State Space Explosion: As agent capabilities grow and action spaces expand, the state machines underlying monitors grow exponentially. Compositional verification — breaking properties into independent sub-properties that can be monitored separately — is essential but not always possible.

Natural Language to Formal Logic: The gap between how humans express safety requirements ("the agent should be careful with sensitive data") and formal temporal logic formulas remains significant. LLM-assisted translation shows promise but introduces its own reliability concerns — who verifies the verifier?

Multi-Agent Composition: Verifying individual agents is hard; verifying compositions of agents is harder by orders of magnitude.

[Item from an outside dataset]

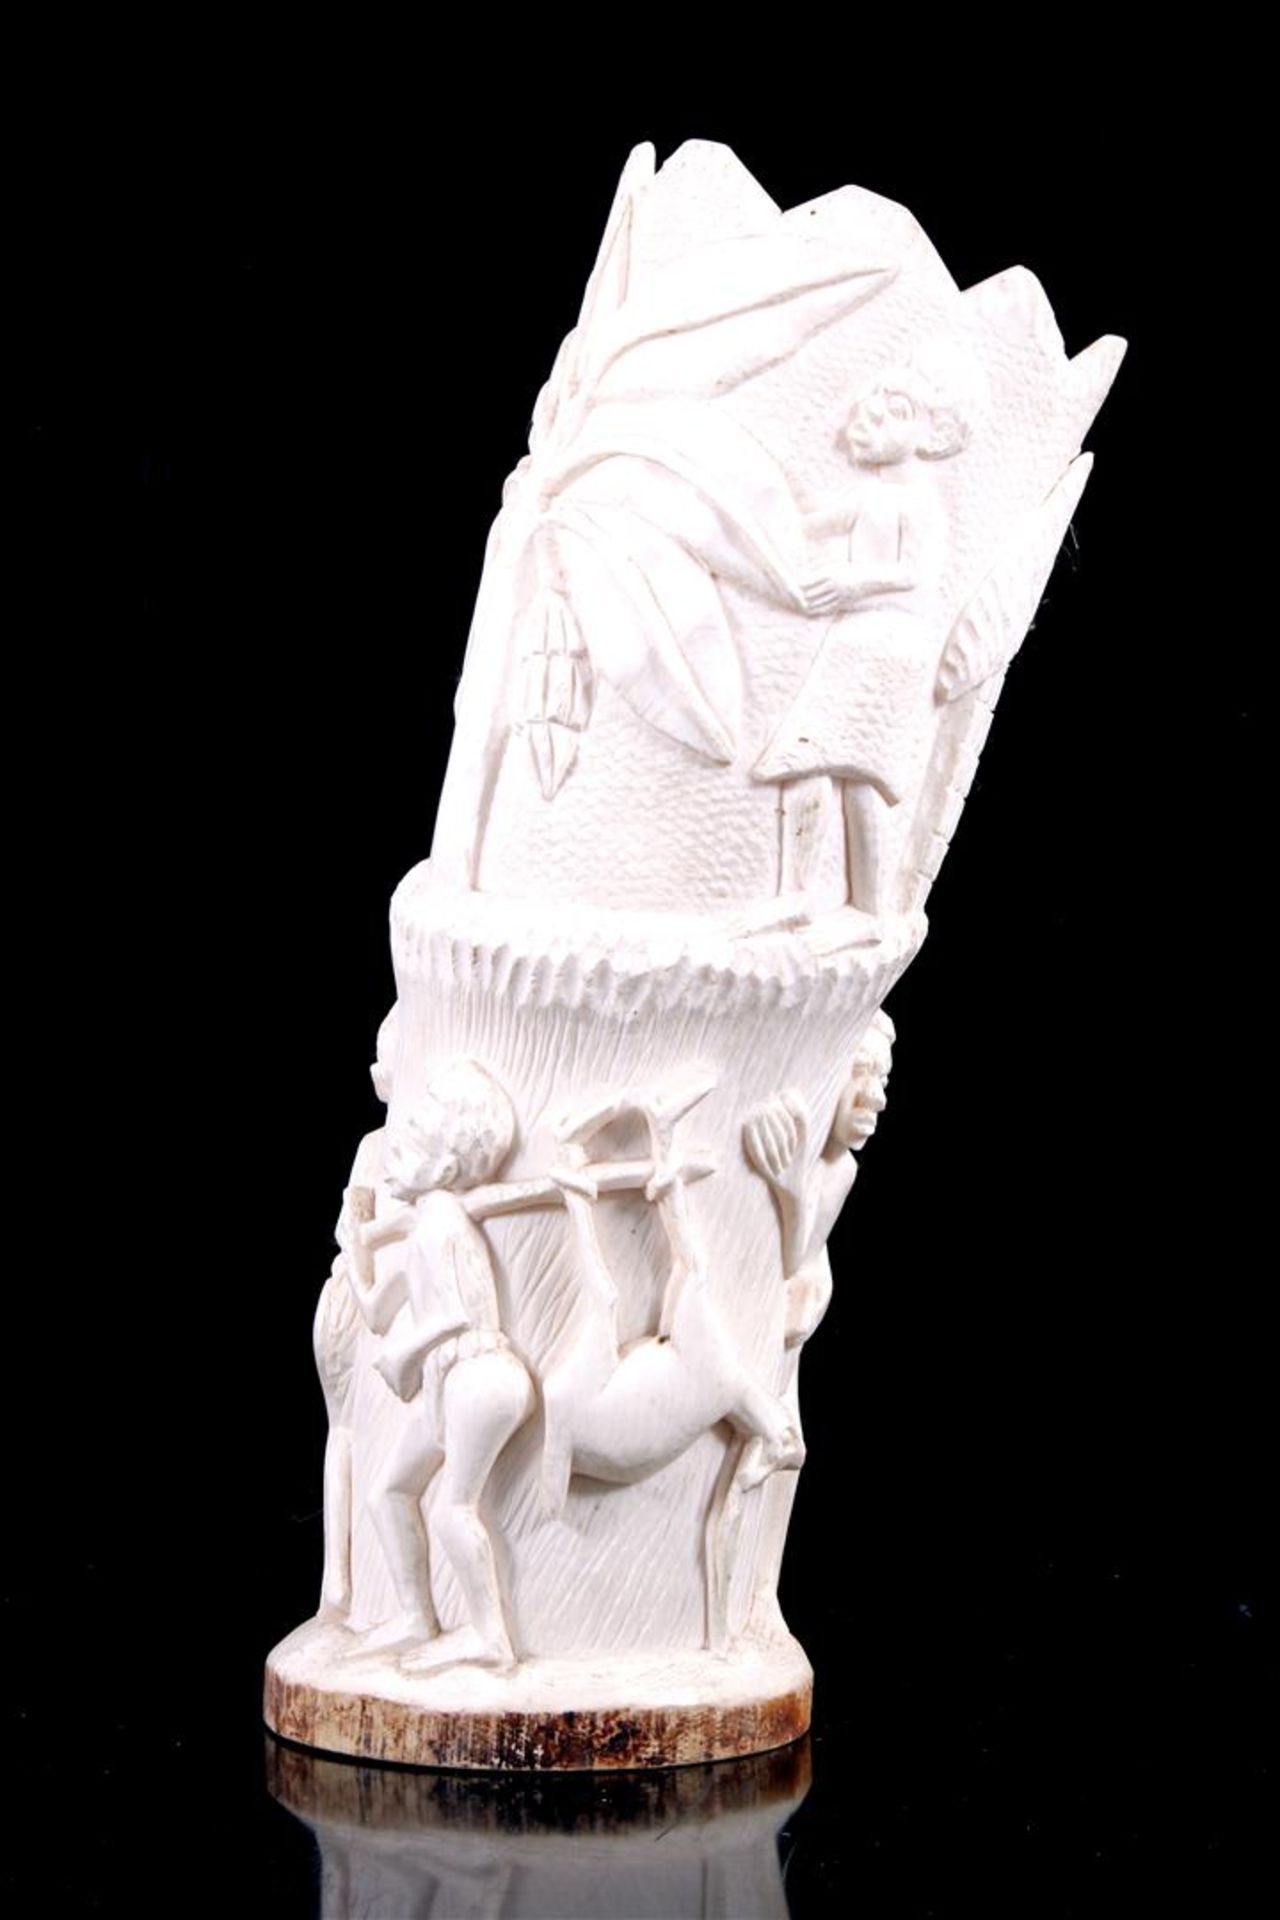 Rijkgestoken ivoren sculptuur met decor van dansende figuren, Afrika ca. 1900, 35 cm hoog, 1555 gram

Strategic logics (ATL, ATL*) extend temporal logic to multi-agent settings, but practical tooling for LLM-based multi-agent systems is still nascent.

Dynamic Environments: Classical temporal logic assumes a fixed set of propositions. Real-world agent environments are open — new tools appear, APIs change, contexts shift. Adaptive monitoring that can update specifications without full re-verification is an active research frontier.

Practical Takeaways

For teams building AI agent systems today, the research suggests several actionable strategies:

  1. Start with safety-critical sequences, not individual actions. If your guardrails only look at one action at a time, you are missing the most dangerous failure modes. Identify multi-step sequences that constitute violations and encode them explicitly.

  2. Separate specification from enforcement. Write your safety properties in a declarative format (AgentSpec rules, behavioral contracts, or even structured JSON) rather than embedding them in agent code. This enables review, versioning, and automated verification.

  3. Layer your monitoring. Use lightweight runtime monitors for hard safety properties (must never be violated) and statistical monitoring for soft properties (should usually hold). Not every constraint needs formal verification.

  4. Invest in the audit trail. Even if you cannot formally verify all properties today, logging complete action traces with monitor verdicts creates the foundation for post-hoc analysis and future verification as tooling matures.

  5. Watch the AgentSpec and ABC ecosystems. These frameworks are rapidly maturing and represent the most practical path from research to production for runtime verification of AI agents.

Conclusion

The convergence of runtime verification with AI agent systems represents a qualitative shift in how we think about agent safety. Rather than asking "does this agent usually behave well?" — the heuristic guardrail question — we can begin asking "can we prove this agent will always satisfy these properties?" — the formal verification question. The gap between these two questions is the gap between hoping and knowing, and the frameworks emerging in 2025–2026 are closing it faster than most practitioners realize.

The most important insight is architectural: runtime verification is not a bolt-on safety layer but a design principle. Agent systems built with temporal specifications from the ground up — where the Governor enforces verified behavioral contracts, where every action passes through a synthesized monitor, where the audit trail captures formal verdicts — are fundamentally different from systems where safety is an afterthought. As AI agents take on higher-stakes tasks, this difference will increasingly separate production-grade systems from prototypes.